Êta paragrafozinho que carece de explicação! Pelo menos três explicações se fazem imprescindíveis para que alguém entenda o que tentei dizer aí em riba.
A primeira é sobre a noite de segunda-feira, dia 04. Há muitos anos não presenciava tamanho vendaval. Foi uma chuva fortíssima, de ventos intensos e em várias direções. Coisa de filme de terror ou de cinema catástrofe.
A segunda explicação que se faz necessária, é: Quem é mãe Didi. Raimunda Leite era o seu nome. Ela foi a mulher que ajudou minha avó a criar seus filhos, principalmente minha mãe, então uma criança magrinha e asmática.

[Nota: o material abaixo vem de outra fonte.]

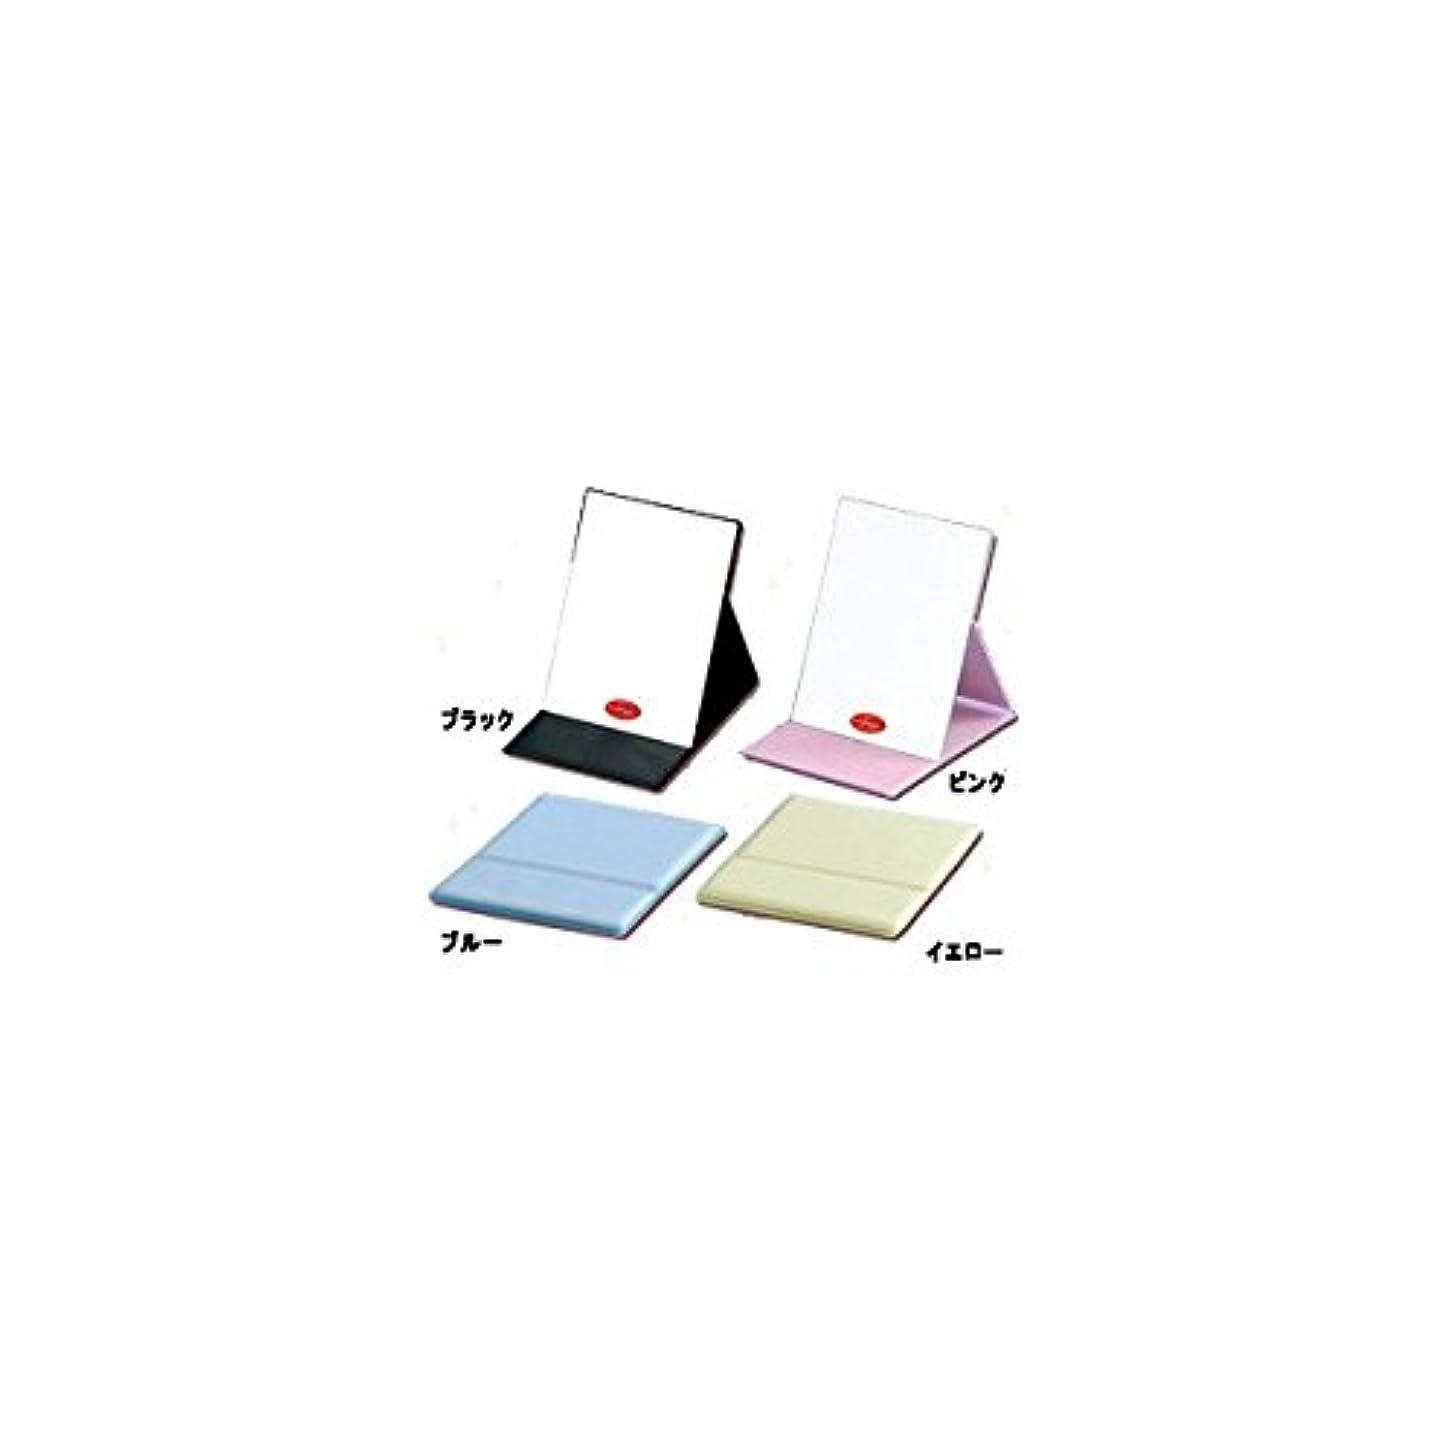 寛解情報弾力性のあるナピュア プロモデル カラーバージョン折立ミラー M ピンク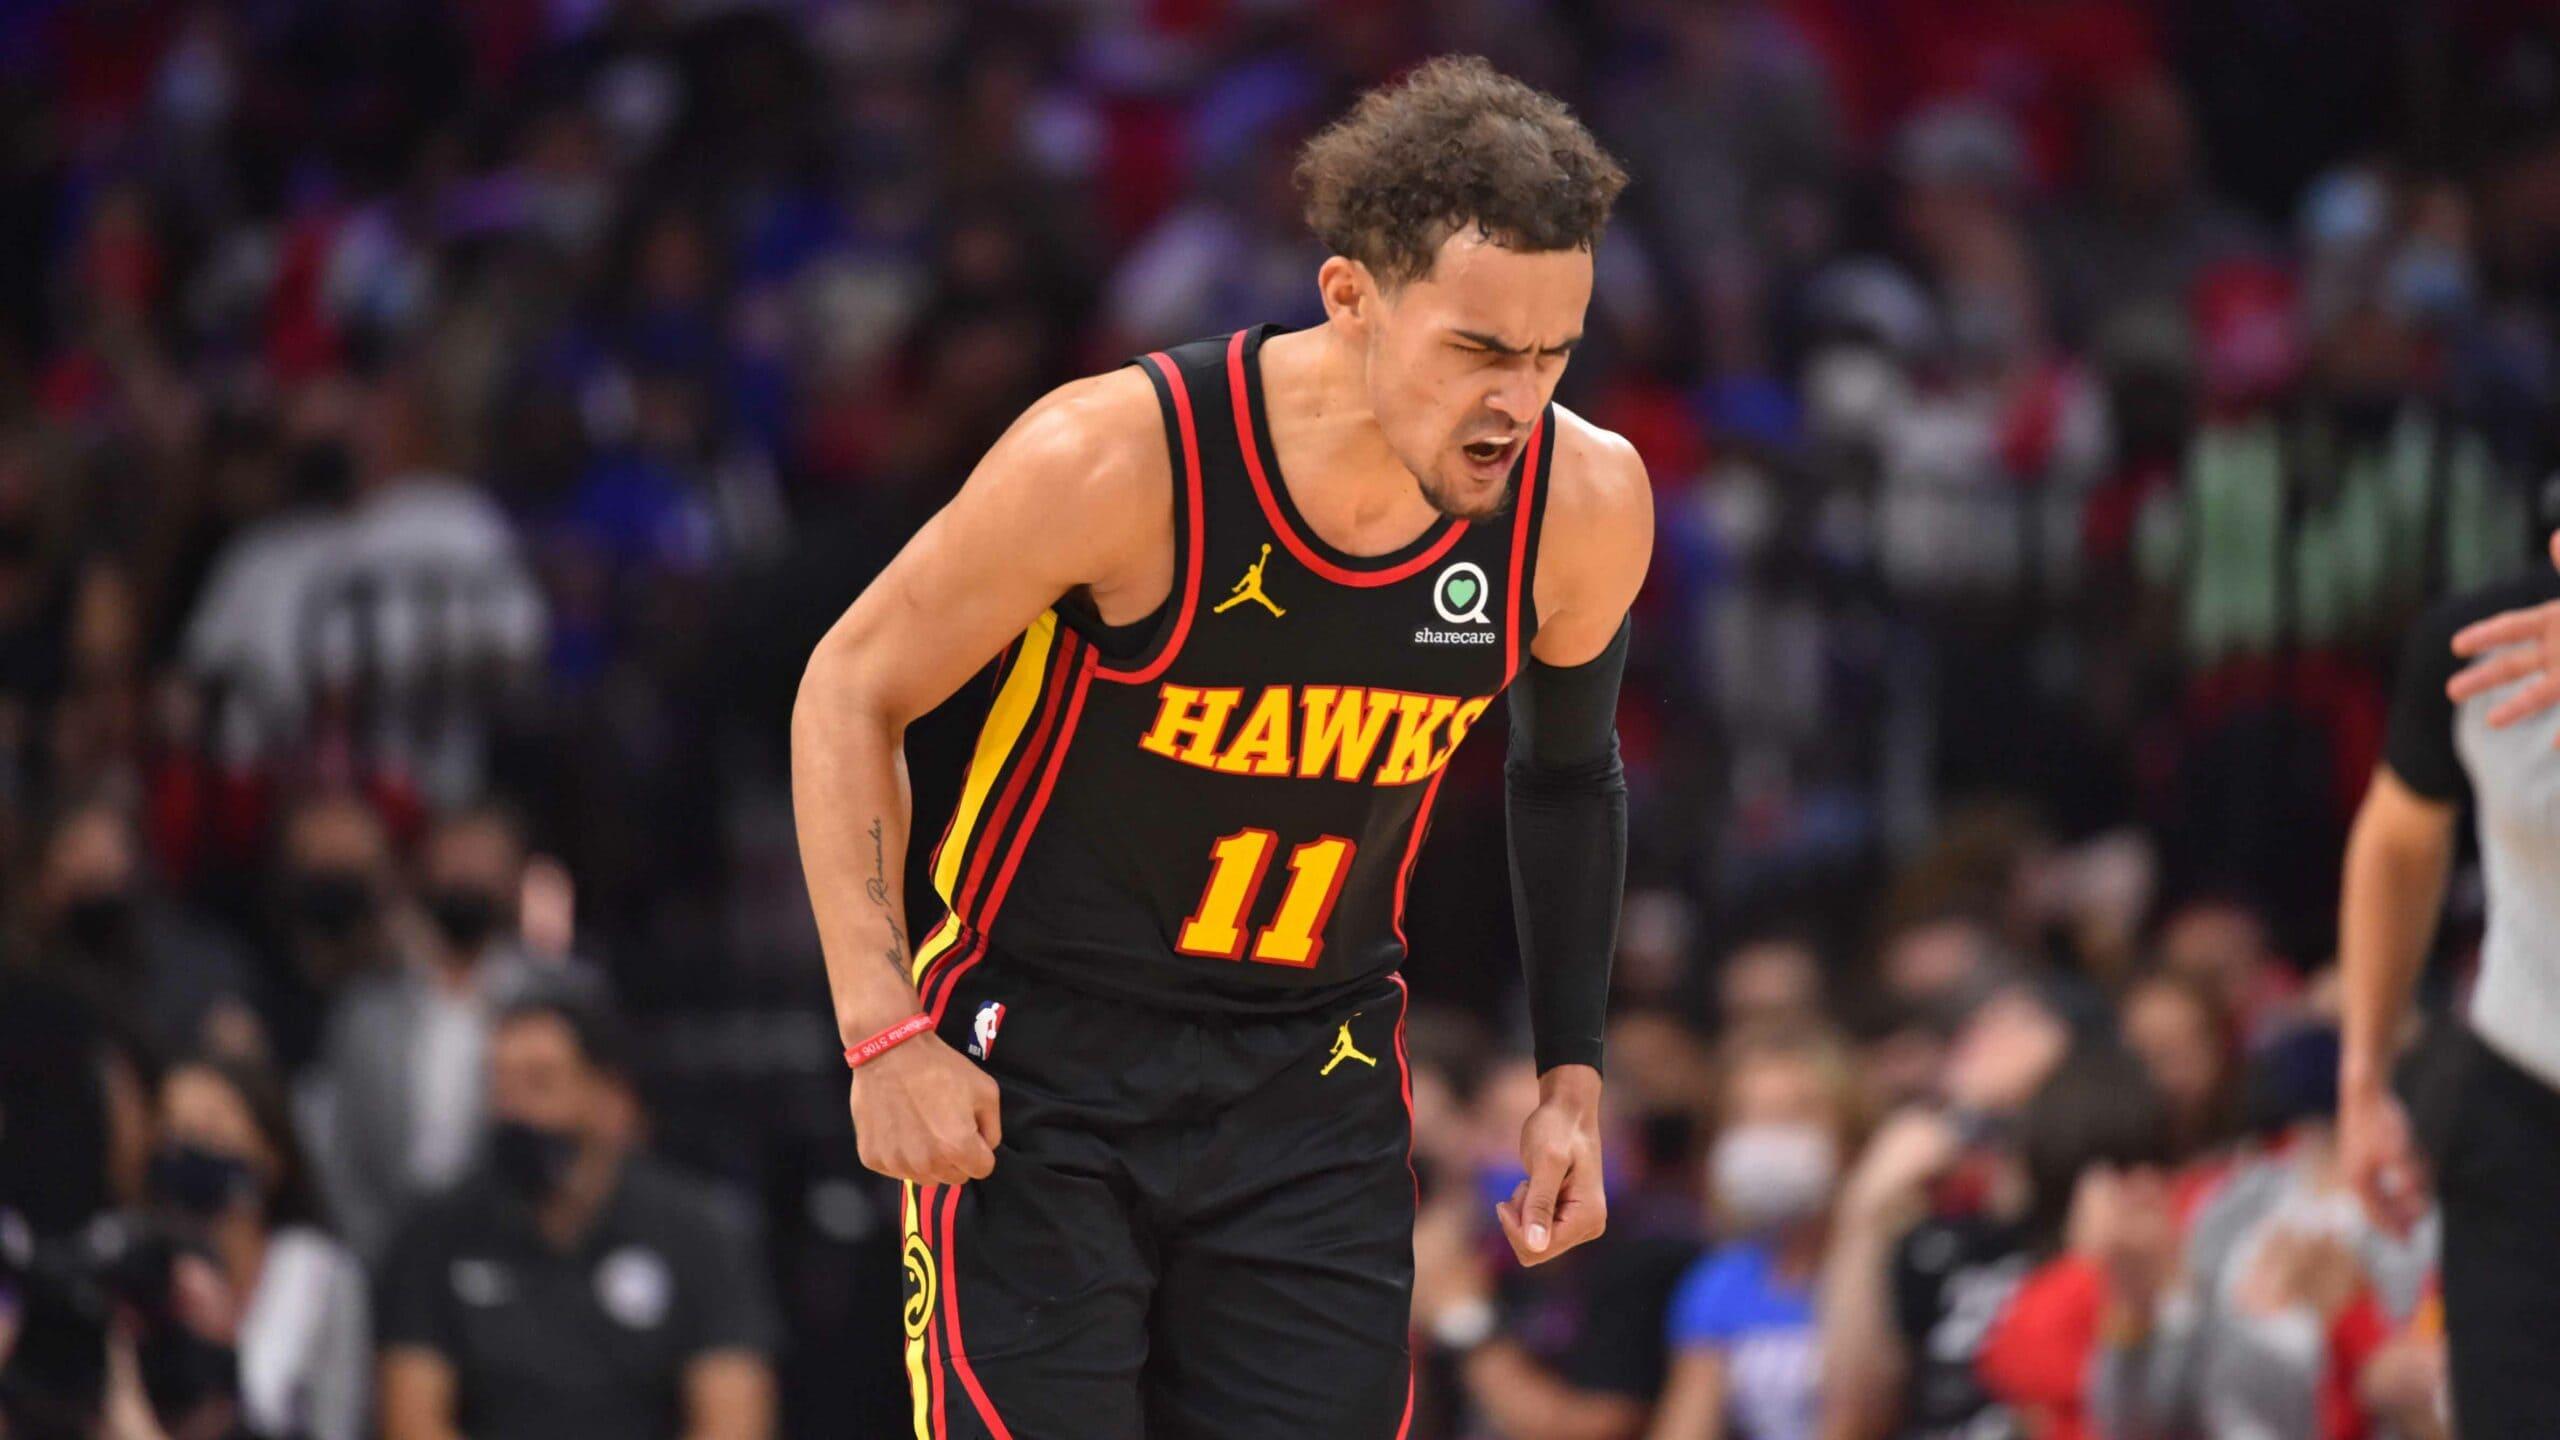 Hawks hang on to take Game 1

E finalmente, em terceiro lugar, porque acordei sentindo o cheiro de mãe Didi! Não que ela usasse algum perfume especial. Usava leite de rosas. Mas não era esse o cheiro que me chamava atenção. Era um dos cheiros de minha infância e olha que a minha infância foi repleta de cheiros. O cheiro de plástico, que era uma substancia nova para a época. Do cheiro do rinoceronte Cacareco eu nunca esqueci. O cheiro de asfalto queimado, a cidade estava sendo literalmente “pinchada”. O cheiro diferenciado da Pepsi e da Coca e o cheiro cor de rosa da Jesus. O cheiro (não a visão) da cozinha do Jaguarema. A gasolina tinha outro cheiro na minha infância. As manhãs tinham um cheiro diferente. O cheiro do sabão de coco ainda é o mesmo, mas outro dia peguei uma barra de sabão (Andiroba?) e é completamente diferente.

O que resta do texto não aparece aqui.